ApproxInference#
- class pgmpy.inference.ApproxInference(model)[source]#
Bases:
objectInitializes the Approximate Inference class.
- Parameters:
- model: Instance of pgmpy.models.DiscreteBayesianNetwork or pgmpy.models.DynamicBayesianNetwork
Examples
>>> from pgmpy.example_models import load_model >>> model = load_model("bnlearn/alarm") >>> infer = ApproxInference(model)
- get_distribution(samples, variables, state_names=None, joint=True)[source]#
Computes distribution of variables from given data samples.
- Parameters:
- samples: pandas.DataFrame
A dataframe of samples generated from the model.
- variables: list (array-like)
A list of variables whose distribution needs to be computed.

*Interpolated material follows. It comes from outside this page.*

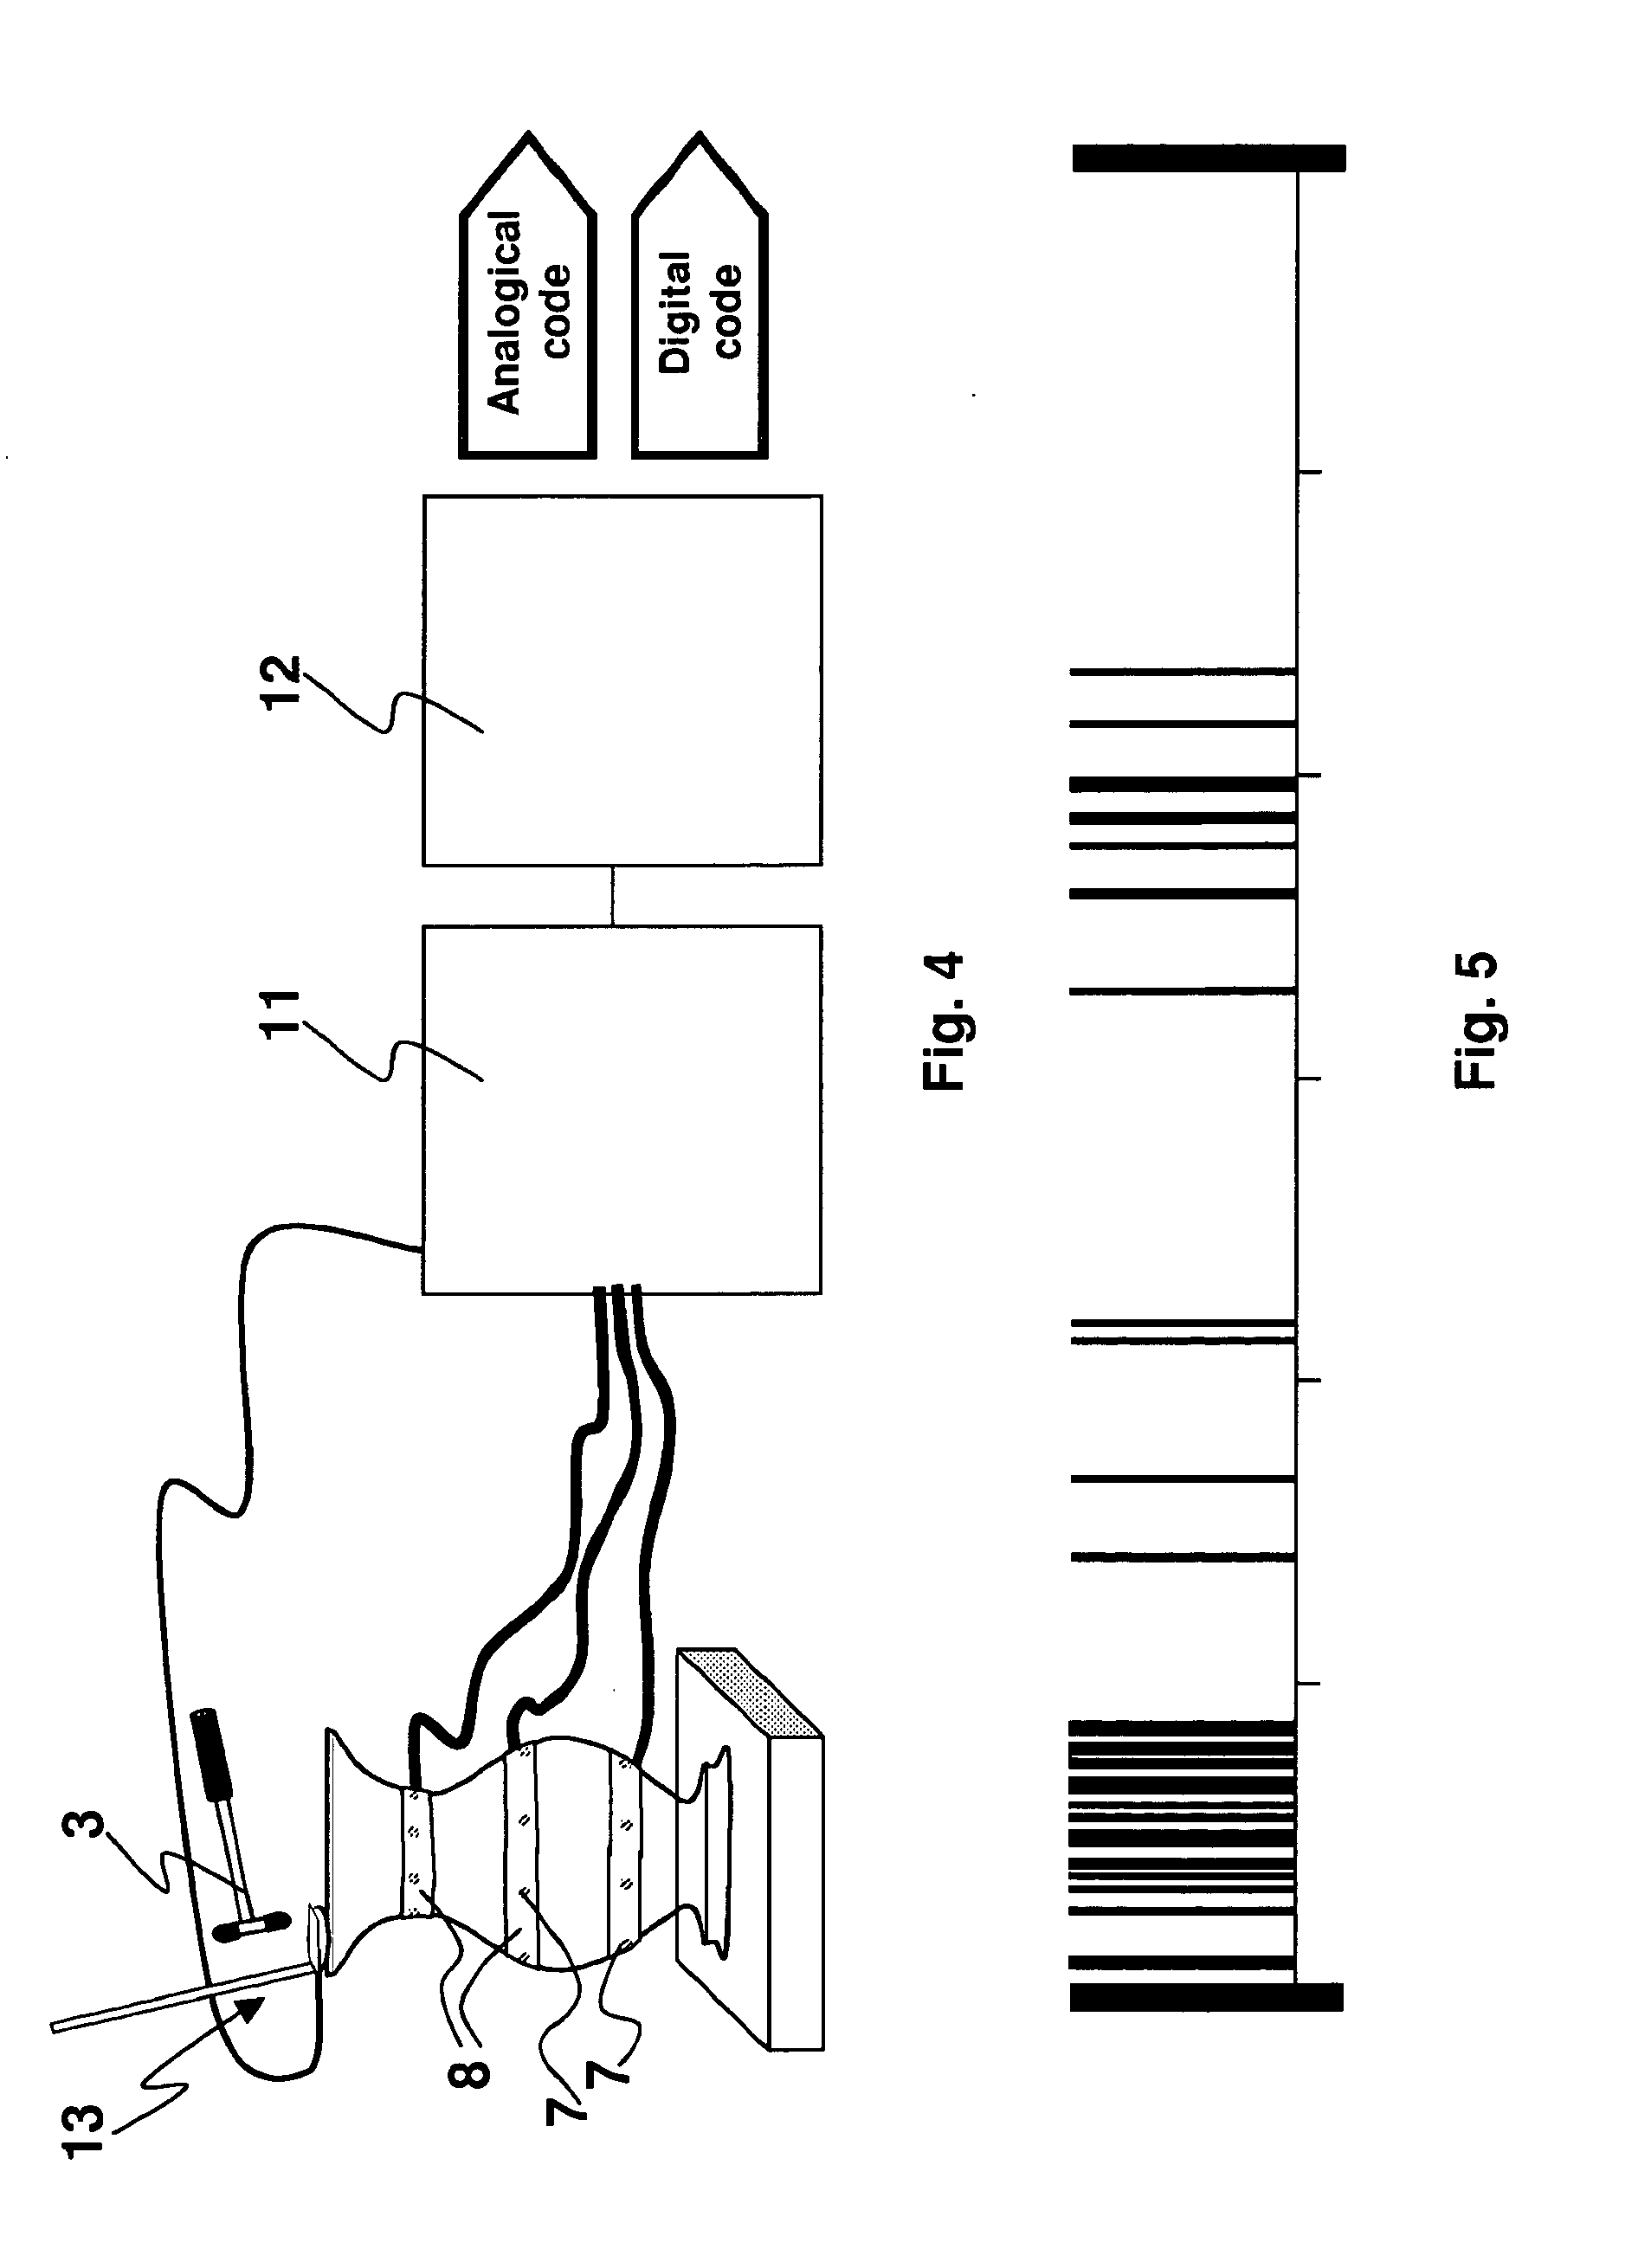 Method for detecting a sonic imprint of a three-dimensional object & related apparatus

- state_names: dict (default: None)
A dict of state names for each variable in variables in the form {variable_name: list of states}. If None, inferred from the data but is possible that the final distribution misses some states.
- joint: boolean
If joint=True, computes the joint distribution over variables. Else, returns a dict with marginal distribution of each variable in variables.
- map_query(variables, n_samples=10000, samples=None, evidence=None, virtual_evidence=None, state_names=None, show_progress=True, seed=None)[source]#
Finds the most probable state in the joint distribution of variables. Calculates the result by generating samples and calculating most probable states based on the probabilities.
- Parameters:
- variables: list
List of variables for which the probability distribution needs to be calculated.
- n_samples: int
The number of samples to generate for computing the distributions. Higher n_samples results in more accurate results at the cost of more computation time.

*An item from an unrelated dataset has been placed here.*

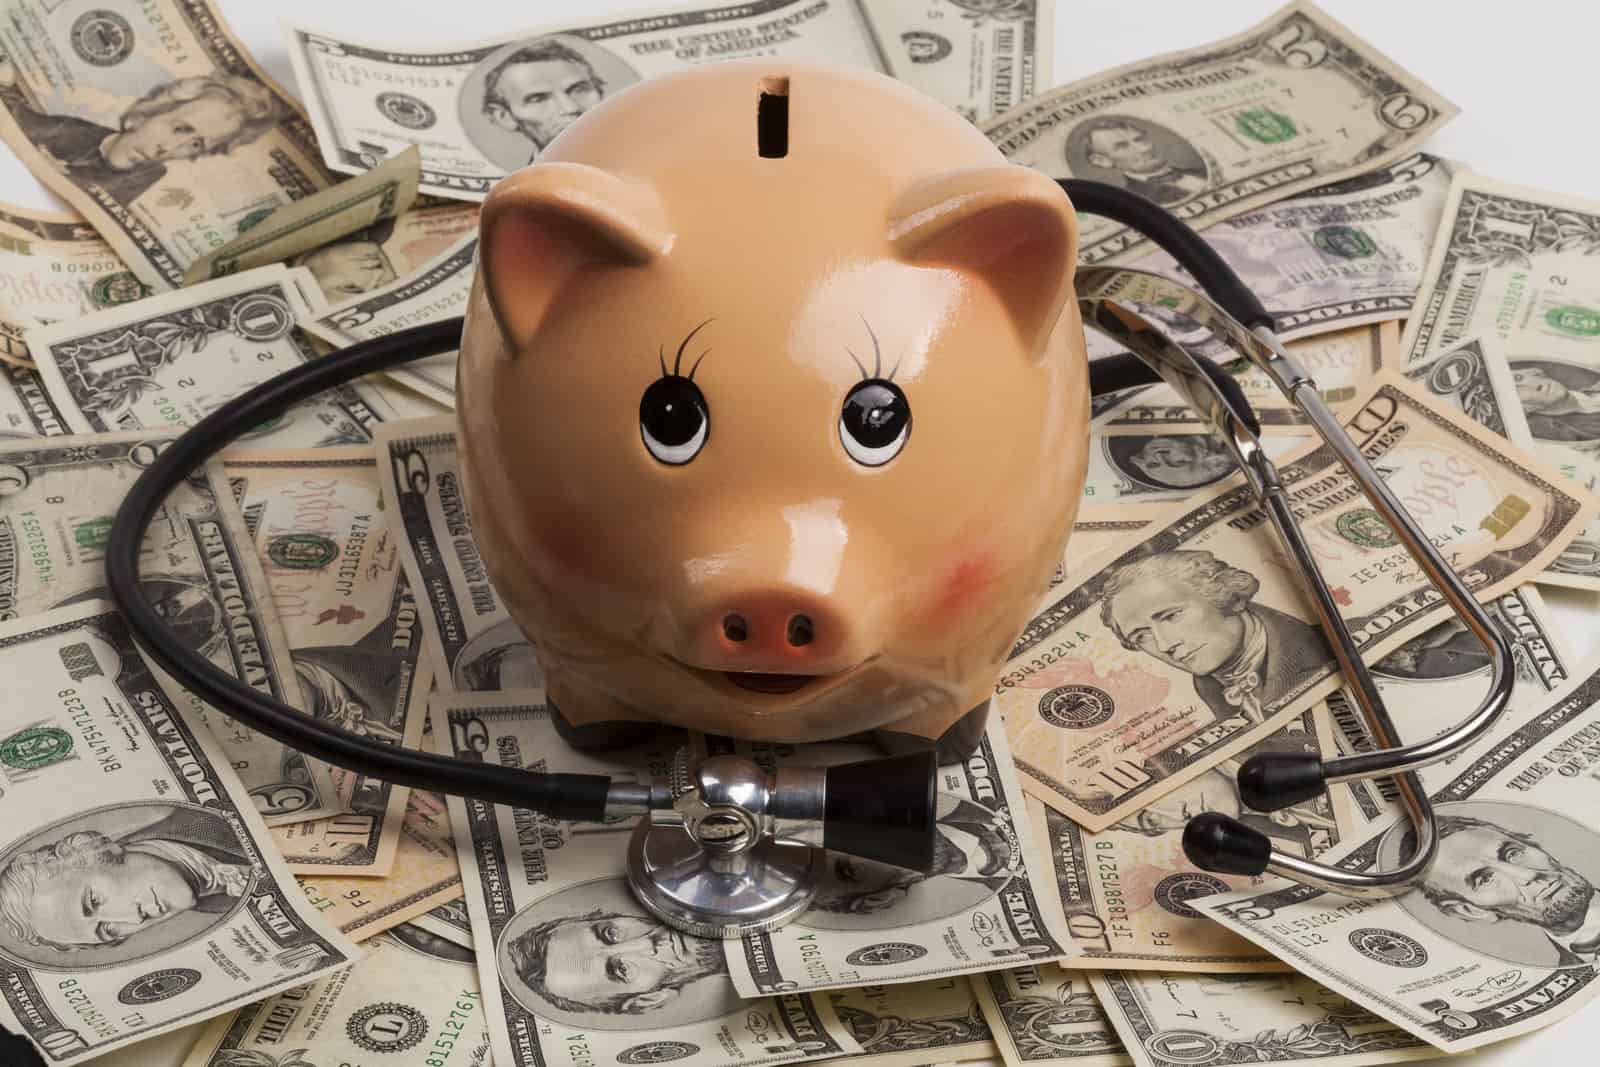 stethoscope with money and a piggy bank representing assessing financial health

- samples: pd.DataFrame (default: None)
If provided, uses these samples to compute the distribution instead of generating samples. samples must conform with the provided evidence and virtual_evidence.
- evidence: dict (default: None)
The observed values. A dict key, value pair of the form {var: state_name}.
- virtual_evidence: list (default: None)
A list of pgmpy.factors.discrete.TabularCPD representing the virtual/soft evidence.
- state_names: dict (default: None)
A dict of state names for each variable in variables in the form {variable_name: list of states}. If None, inferred from the data but is possible that the final distribution misses some states.
- show_progress: boolean (default: True)
If True, shows a progress bar when generating samples.
- seed: int (default: None)
Sets the seed for the random generators.
- Returns:
- MAP values: dict
The most probable state of provided variables given the evidence.
Examples
>>> from pgmpy.example_models import load_model >>> from pgmpy.inference import ApproxInference >>> from pgmpy.factors.discrete import State, TabularCPD >>> model = load_model("bnlearn/alarm") >>> infer = ApproxInference(model) >>> print(infer.map_query(variables=["HISTORY", "CVP"])) {'HISTORY': 'FALSE', 'CVP': 'NORMAL'} >>> virtual_evidence_history = TabularCPD( ... variable="HISTORY", ... variable_card=2, ... values=[[0.99], [0.01]], ... state_names={"HISTORY": ["TRUE", "FALSE"]}, ... ) >>> evidence = {"CVP": "NORMAL"} >>> print( ... infer.map_query( ... variables=["HISTORY"], ... evidence=evidence, ... virtual_evidence=[virtual_evidence_history], ... ) ... ) {'HISTORY': 'TRUE'}
- query(variables, n_samples=10000, samples=None, evidence=None, virtual_evidence=None, joint=True, state_names=None, show_progress=True, seed=None)[source]#
Method for doing approximate inference based on sampling in Bayesian Networks and Dynamic Bayesian Networks.
- Parameters:
- variables: list
List of variables for which the probability distribution needs to be calculated.
- n_samples: int
The number of samples to generate for computing the distributions. Higher n_samples results in more accurate results at the cost of more computation time.
- samples: pd.DataFrame (default: None)
If provided, uses these samples to compute the distribution instead of generating samples. samples must conform with the provided evidence and virtual_evidence.
- evidence: dict (default: None)
The observed values. A dict key, value pair of the form {var: state_name}.
- virtual_evidence: list (default: None)
A list of pgmpy.factors.discrete.TabularCPD representing the virtual/soft evidence.
- state_names: dict (default: None)
A dict of state names for each variable in variables in the form {variable_name: list of states}. If None, inferred from the data but is possible that the final distribution misses some states.
- show_progress: boolean (default: True)
If True, shows a progress bar when generating samples.
- seed: int (default: None)
Sets the seed for the random generators.
- Returns:
- Probability distribution: pgmpy.factors.discrete.TabularCPD
The queried probability distribution.
Examples
>>> from pgmpy.example_models import load_model >>> from pgmpy.inference import ApproxInference >>> model = load_model("bnlearn/alarm") >>> infer = ApproxInference(model) >>> infer.query(variables=["HISTORY"]) <DiscreteFactor representing phi(HISTORY:2) at 0x...> >>> infer.query(variables=["HISTORY", "CVP"], joint=True) <DiscreteFactor representing phi(HISTORY:2, CVP:3) at 0x...> >>> infer.query( ... variables=["HISTORY", "CVP"], joint=False ... ) {'HISTORY': <DiscreteFactor representing phi(HISTORY:2) at 0x...>, 'CVP': <DiscreteFactor representing phi(CVP:3) at 0x...>}